Я обернулся. Она сняла очки, и к своему ужасу я узнал Веронику. Как мог я принять ее за свою жену?

— Да, — сказала она, с трудом сдерживая ярость, — ты — Тюфяк! Таких как ты не любят, потому что ты видишь и жалеешь в этом мире только себя.

— Вероника!

— И даже в женщине ты любишь и жалеешь только себя. У тебя нет сердца, ты озабочен только самим собой и своими проблемами. Будь ты проклят, ничтожество и червяк!

И вот здесь я не выдержал. Ужас и страх охватили меня. Я не верил своим глазам. Нет, это не правда, я ослышался.

— Милая, — сказал я, — я искал тебя, я люблю тебя!

— Прочь! — сказала она, — и в любви ты в первую очередь любишь самого себя.

— Вероника!

— Прочь! — Она вытащила из сумочки пистолет.

— Убей меня, — сказал я.

Я хотел умереть у ее ног.
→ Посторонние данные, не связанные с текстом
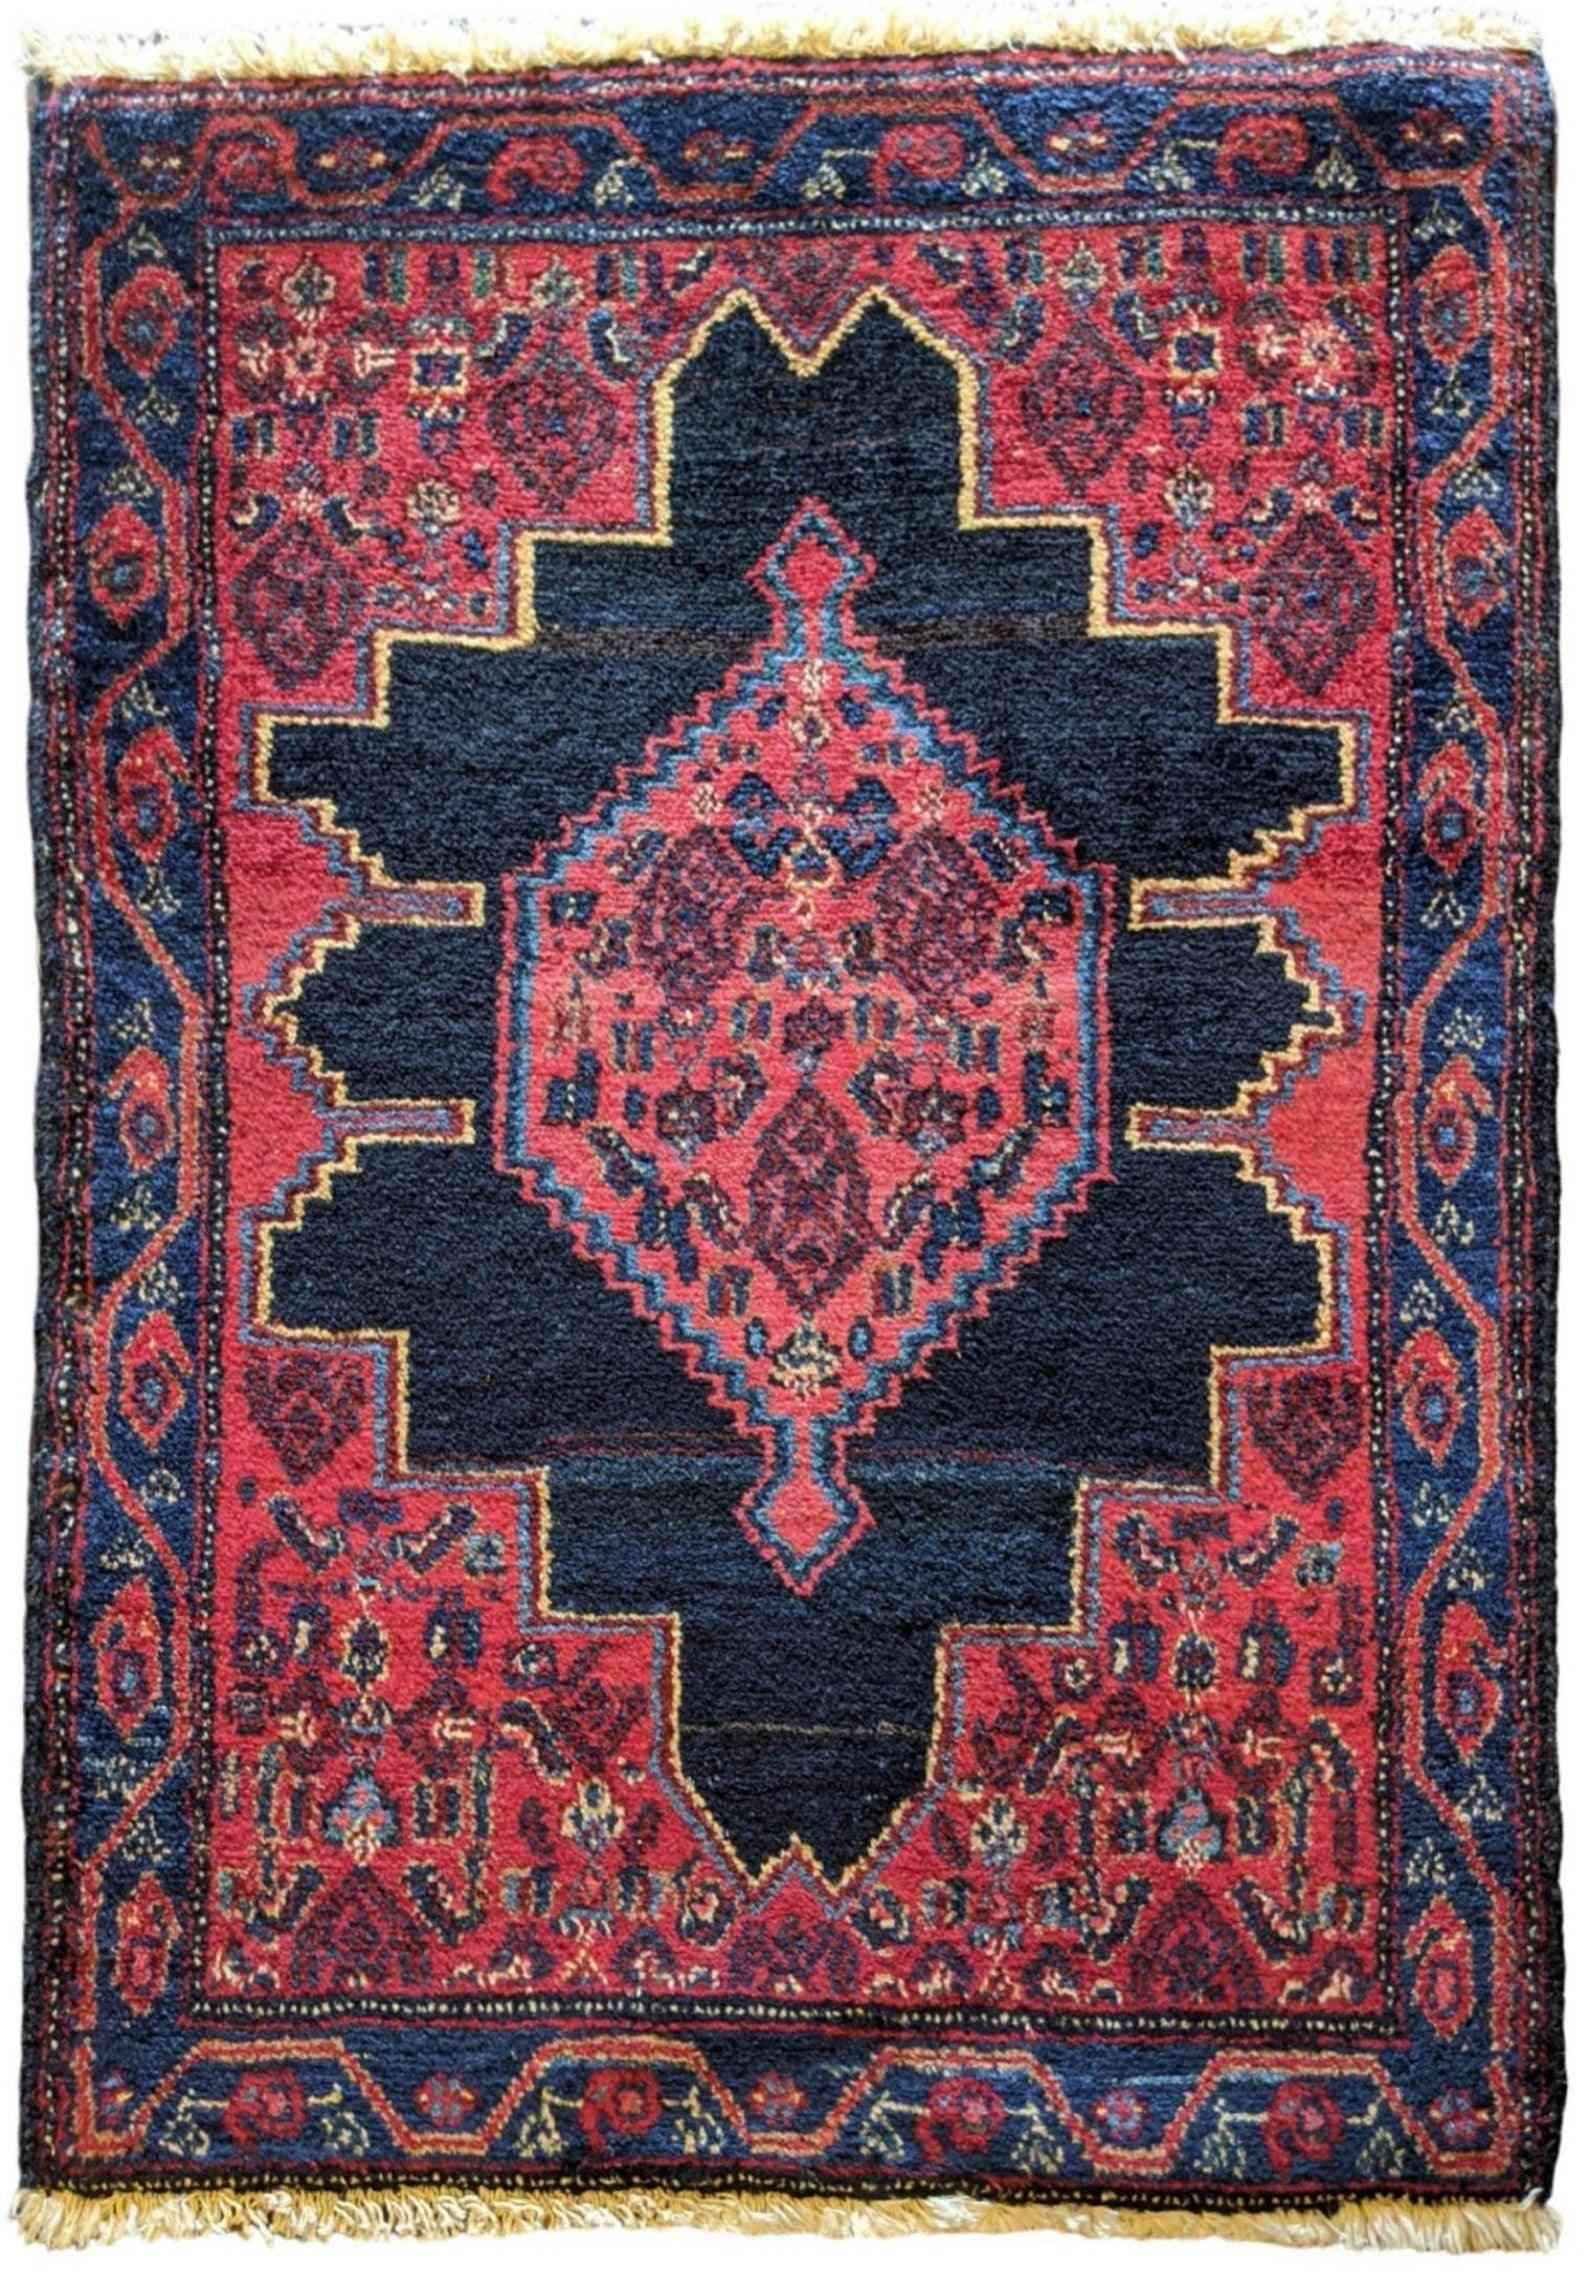 82 x 64 cm Persian Senneh Modern Red Small Rug - Rugmaster
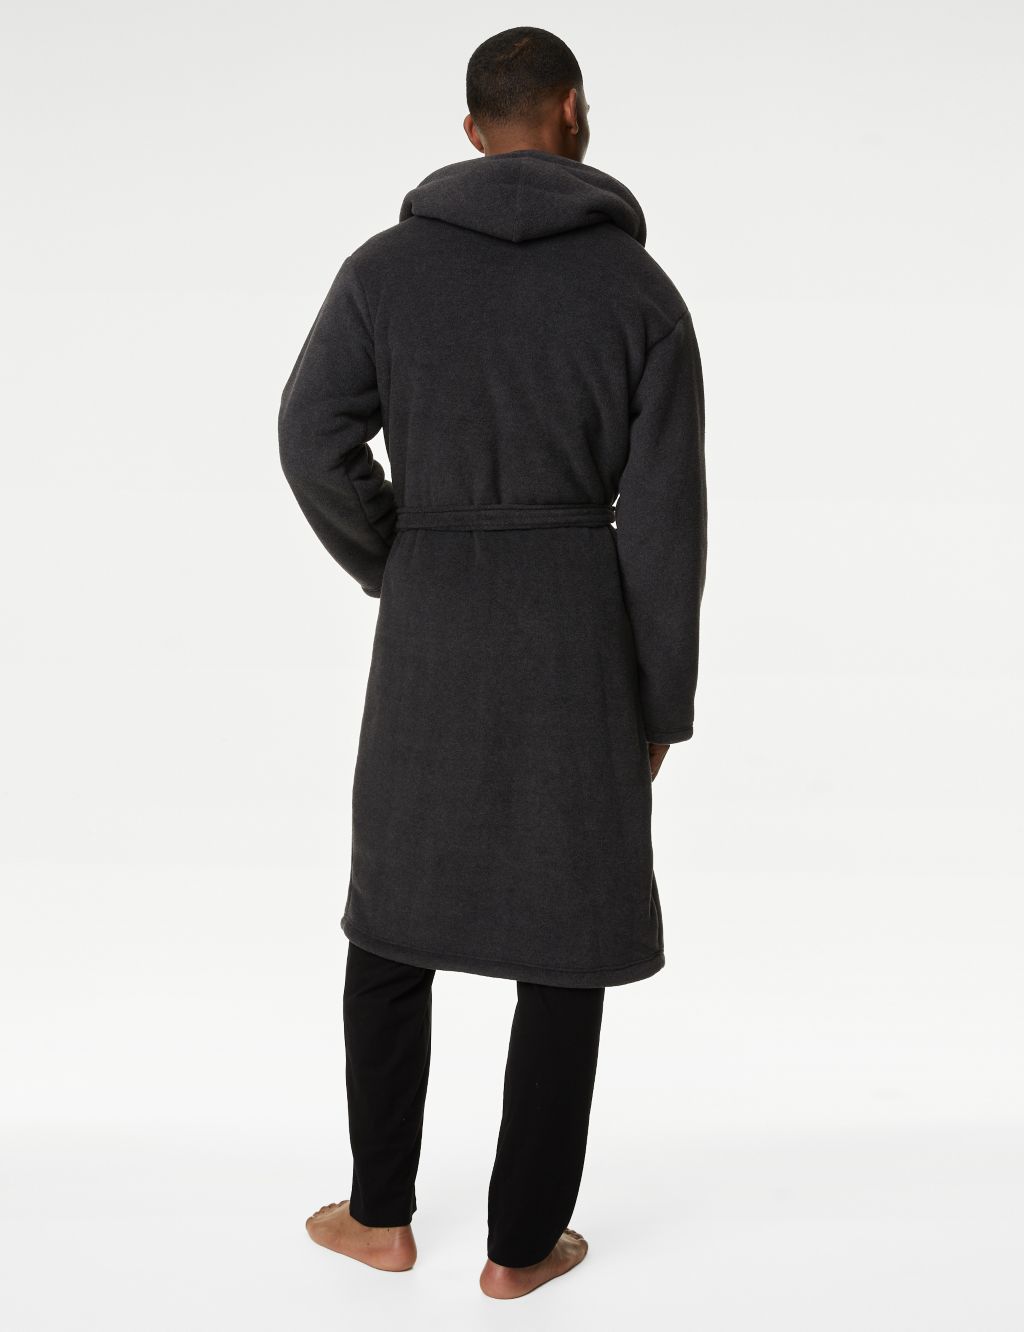 Fleece Supersoft Hooded Dressing Gown image 5

Перспектива эта вдруг показалась мне заманчивой и желанной.

— Прочь, тюфяк, — она отмахнулась от меня как от мухи, — на таких как ты пули жалко.

Раздался выстрел, и она упала на безжизненное тело Типа.

«Чем не Ромео и Джульета, — пронеслась у меня кощунственная мысль, — Шекспира на вас нет, педерасты»

Боже, неужто она так любила его? Опять ложь, опять обман. Зачем мне жить, если она не со мной?

Я схватился за голову, и, завыв в отчаянии, как дикий зверь в ловушке, пошел в темную глухую ночь, навстречу своему одиночеству.

Эпилог

Сегодня вся мировая прогрессивная общественность отмечает годовщину свержения монархии и религиозного засилья в Израиле.

Я сижу в своей холодной квартире в Лос-Анджелесе и смотрю по Си-Эн-Эн празднества, проводимые в стране по случаю освобождения еврейского народа от догмы.

По случаю праздника с торжественным воззванием к народу выступает премьер-министр государства:

«Граждане Израиля! — говорит он, — демократия неизбежна, как восход солнца! Поздравляю соотечественников с завоеванным нами, в долгой и упорной борьбе, правом сочетаться гражданским браком!»

Рядом с ним много иностранных гостей и местных политиков.

И вдруг я вижу… Нет, этого не может быть! По правую руку от премьера появляется — О, боже! Ведь это Тип с Вероникой!..

Я снял очки, потом снова надел их. Все верно: это Тип, а рядом Вероника.

Ведущий знаменитого телеканала представляет Его, как нового министра по делам религии государства Израиль, а Ее, как очаровательную супругу «перспективного министра». Далее (какой сюрприз) почти вплотную к блистательной супружеской паре стоит сама госпожа Ротенберг с развевающимися на ветру седыми буклями.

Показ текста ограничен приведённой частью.